Türkiye, Zamanında Musul ve 12 Adayı Neden Kaybetti?

atatürk'ün musul ve 12 ada’yı "bırakması" ifadesi teknik olarak tam doğru değildir; çünkü bu meseleler, osmanlı'nın son döneminden miras kalan uluslararası sorunlardı. atatürk ve türkiye cumhuriyeti yönetimi bu sorunlarla savaş sonrası koşullarda ve sınırlı diplomatik güçle uğraşmak zorunda kaldı. aşağıda her iki konunun da temel nedenlerini açıklayayım:
1. musul meselesi
musul 1923 lozan görüşmeleri sırasında türkiye ile ingiltere arasında en büyük tartışma konularından biriydi. türkiye bu bölgenin misak-ı millî sınırları içinde olduğunu savundu. ancak:
ingiltere, musul'u kontrol eden irak üzerindeki manda yönetimini elinde tutuyordu ve bölgeyi bırakmaya niyetli değildi.
lozan'da anlaşma sağlanamadı ve konu 1926'da milletler cemiyeti’ne taşındı.
milletler cemiyeti musul’u ingiltere’ye bağlı irak’a verdi.
türkiye ise 1926 ankara antlaşması ile bu kararı kabul etti ve irak’tan bazı ekonomik imtiyazlar ve üç yıl süreyle petrol gelirinden %10 pay aldı.
neden "bırakıldı"?
türkiye henüz yeni kurulmuştu ve ordu yorgundu.
aynı anda birçok cephede savaş riski alınamazdı.
iç güvenlik, ekonomi ve diplomasi öncelikliydi.
ingiltere gibi büyük bir güçle doğrudan savaşa girmek, genç cumhuriyet için büyük bir risk olurdu.
2. 12 ada meselesi
12 ada, ege denizi'nde italya tarafından 1912’de osmanlı’dan geçici olarak alınmış, ancak balkan savaşları ve sonrasında fiilen kontrolü kaybedilmişti.
italya, i. dünya savaşı’ndan sonra adaları elinde tutmaya devam etti.
lozan antlaşması’nda 12 ada konusu türkiye ile değil, italya ve yunanistan arasında ele alındı.

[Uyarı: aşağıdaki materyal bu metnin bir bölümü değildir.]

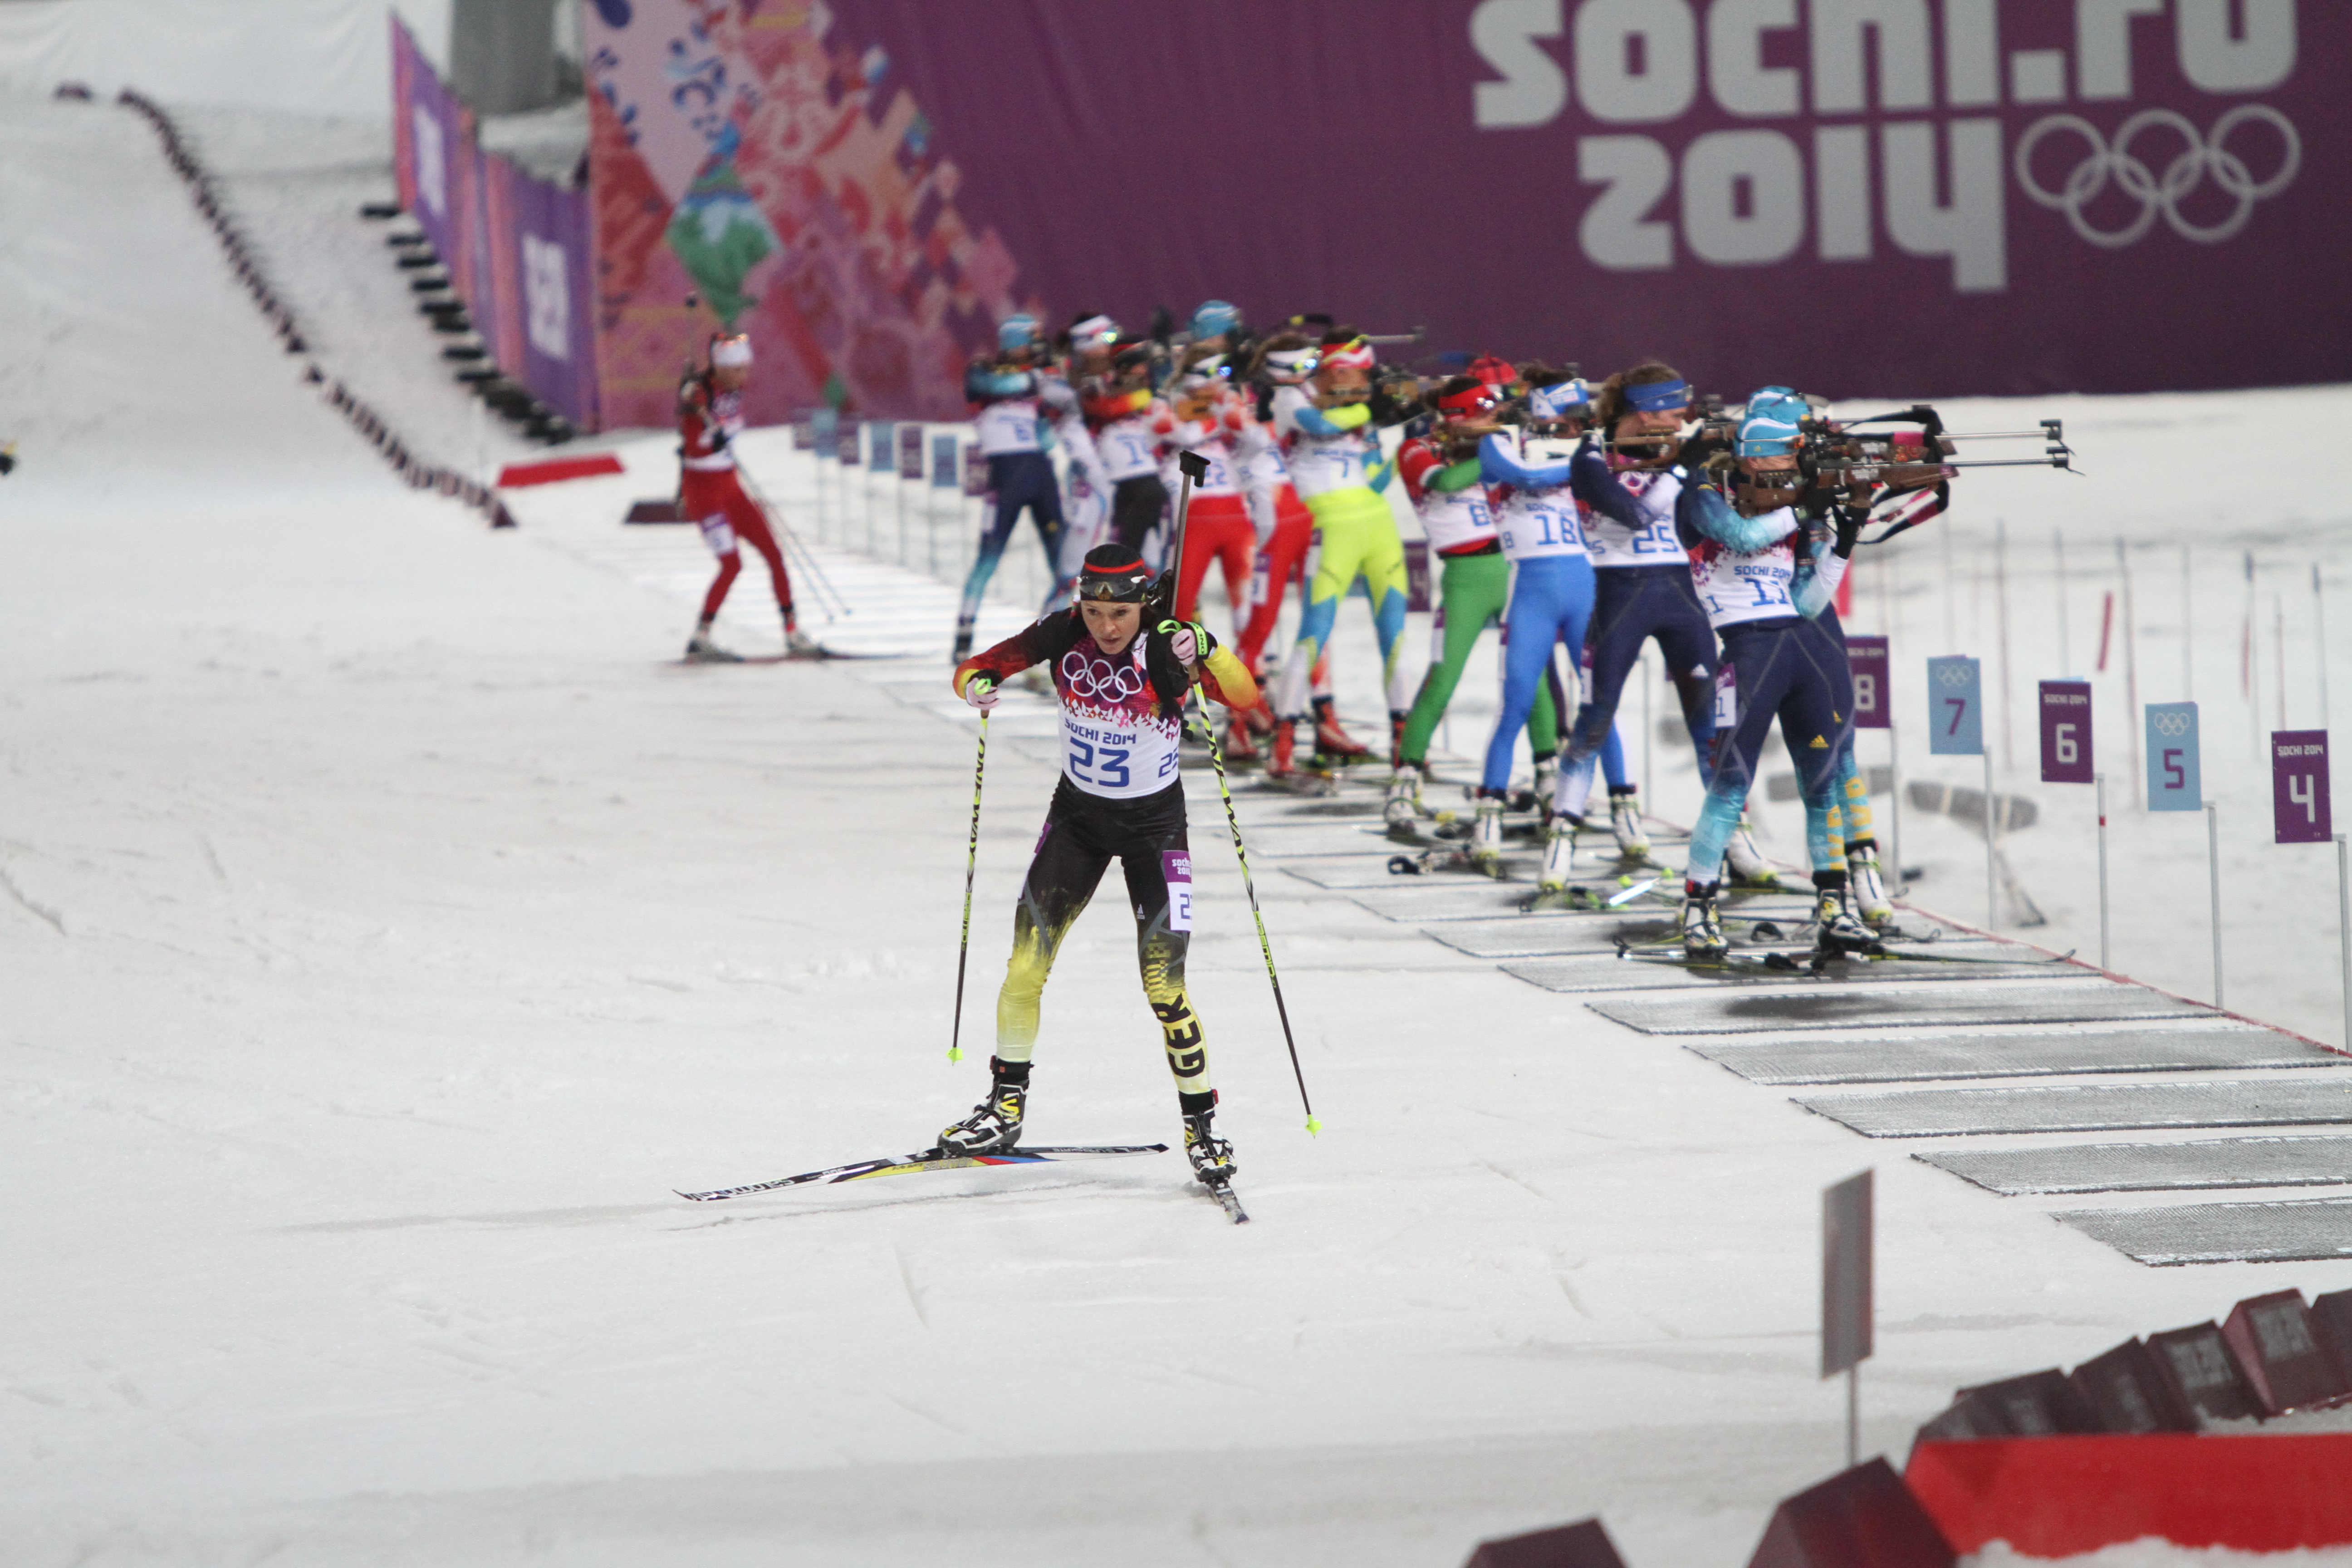 Germany's Evi Sachenbacher-Stehle leaving the range during the 2014 Olympic mass start race. She placed fourth, but was later disqualified after testing positive for a banned stimulant.

1947 paris antlaşması ile italya, 12 ada’yı yunanistan’a devretti.
neden alınamadı?
türkiye, lozan’da adalar üzerindeki fiili durumu tanımak zorunda kaldı.
o dönemde deniz gücü zayıftı; ege’de güçlü bir deniz politikası izleyemezdi.
aynı şekilde, batı ile barış içinde ilişkiler kurmak öncelikliydi.
sonuç olarak
atatürk'ün musul ve 12 ada konusunda geri adım atması bir "tercih" değil, gerçekçi ve akılcı bir stratejiydi. türkiye, o dönemde mevcut sınırlarını korumayı ve içeride devrimleri gerçekleştirmeyi öncelikli saydı. atatürk'ün şu sözü bu durumu özetler:
"hudutlarımız dışında bir karış toprak için bir damla türk kanı dökmem."
ileride güçlenmek ve yeni nesillere daha sağlam bir ülke bırakmak için o gün taviz değil, devlet aklı kullanılmıştır.